Nice Man showed me this fascinating article in The New Yorker. It's about a psychology experiment designed to measure self-control. Four-year-old kids were left alone in a room, sitting at a desk. On the desk was a marshmallow. The kids were told they could have two marshmallows if they waited and didn't eat the first one. If they ate the first one, that was their lot. Predictably, some of the kids could delay gratification and others crumbled and ate the first marshmallow. But the scientists followed them up years later and discovered that the 'delayers' had higher IQ's and fewer behavioural problems than the non-delayers. In fact, the delayers managed life much better all round.
I wonder how long I'd have held off eating the marshmallow.
I remember when I was about five, asking my mum for an ice cream just before dinner. She wisely said no. I ran to my dad and asked for 2 pence (yes, 2p!) and with that 2 pence I bought a Mr Whippy cone with strawberry sauce. I think I took two licks of it, then threw it behind a wall, like Judas with the thirty pieces of silver.

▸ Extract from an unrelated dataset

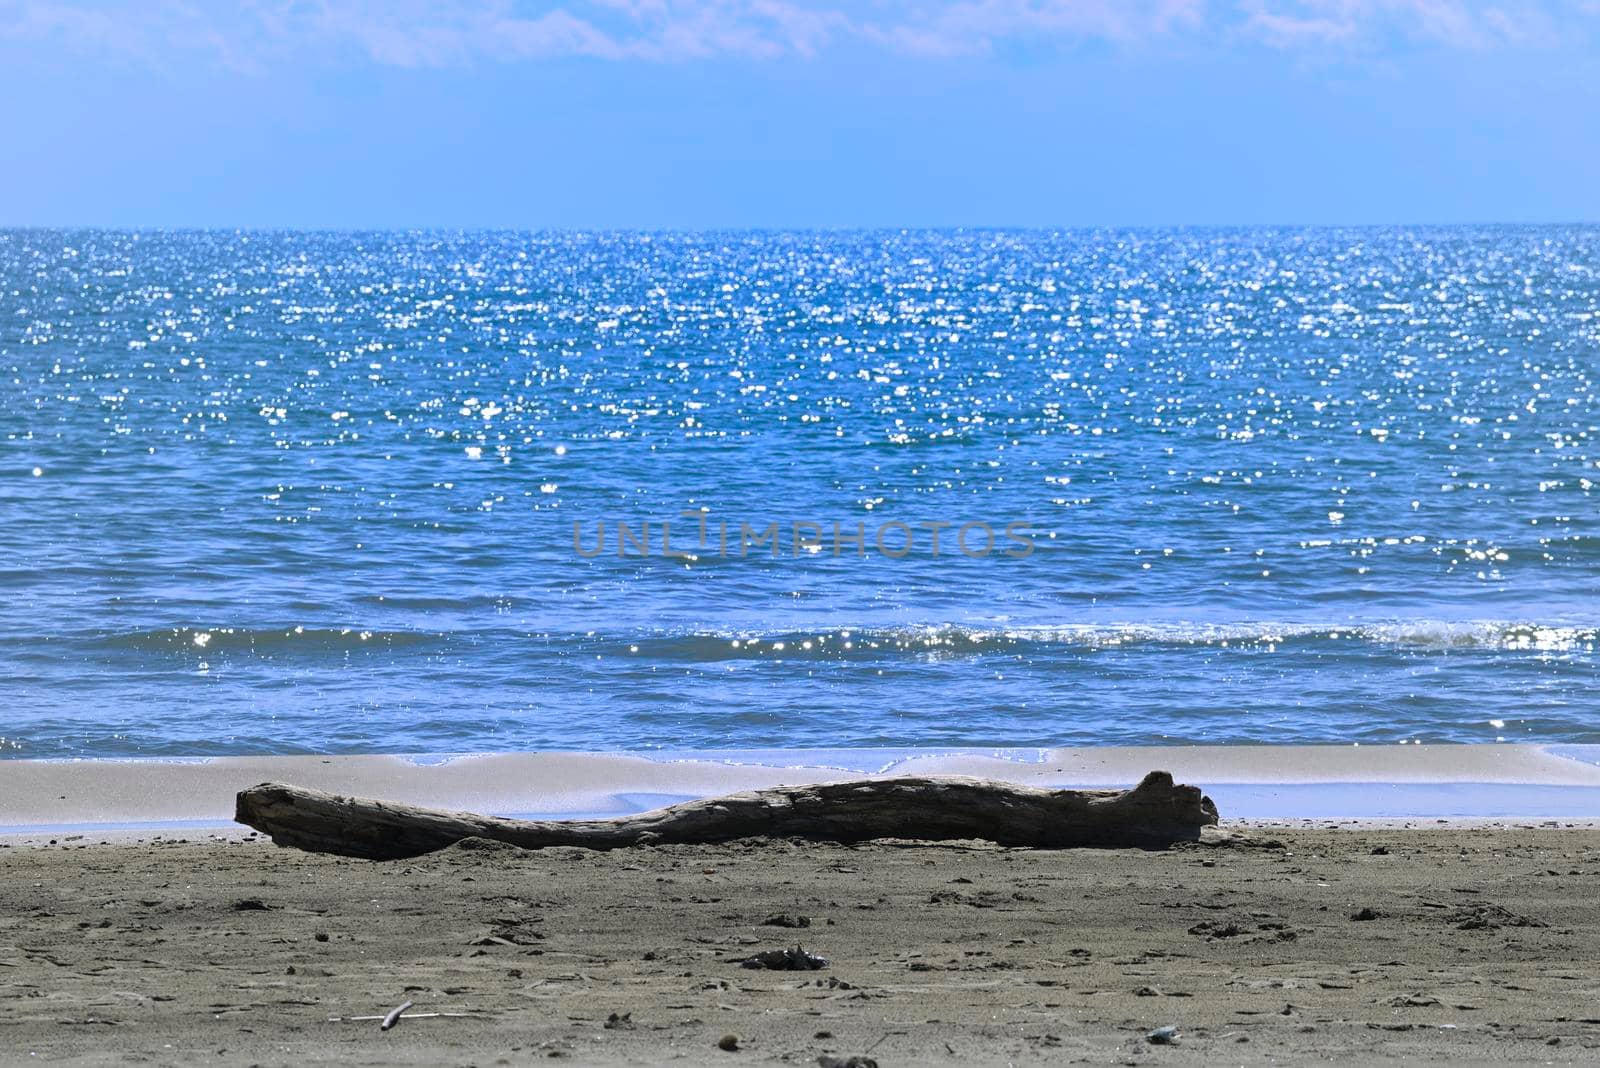 Mediterranean beach detail with sand, shells, driftwood under high sun

I liked the end of the article where it said that 'even the most mundane routines of childhood, like not snacking before dinner, or saving up your allowance, or holding out until Christmas morning - are really sly exercises in cognitive training.' Apparently this is the most valuable training your parents can give you. And I realise my parents gave me all of the above.
Once I instigated an argument with Nice Man when he ate a roast chicken leg just before we went to my parents' for dinner. Yikes, it's not as if I can just benefit from the delayer 'rules'. Sometimes I have to annoy myself by my inflexible adherence to them years later. It obviously runs deep.
Still, I'm guessing I'll steer Mr Hugh away from any ice cream vans just before dinner time. Or I'll tell him that when the van plays the music, it means they've run out of ice cream.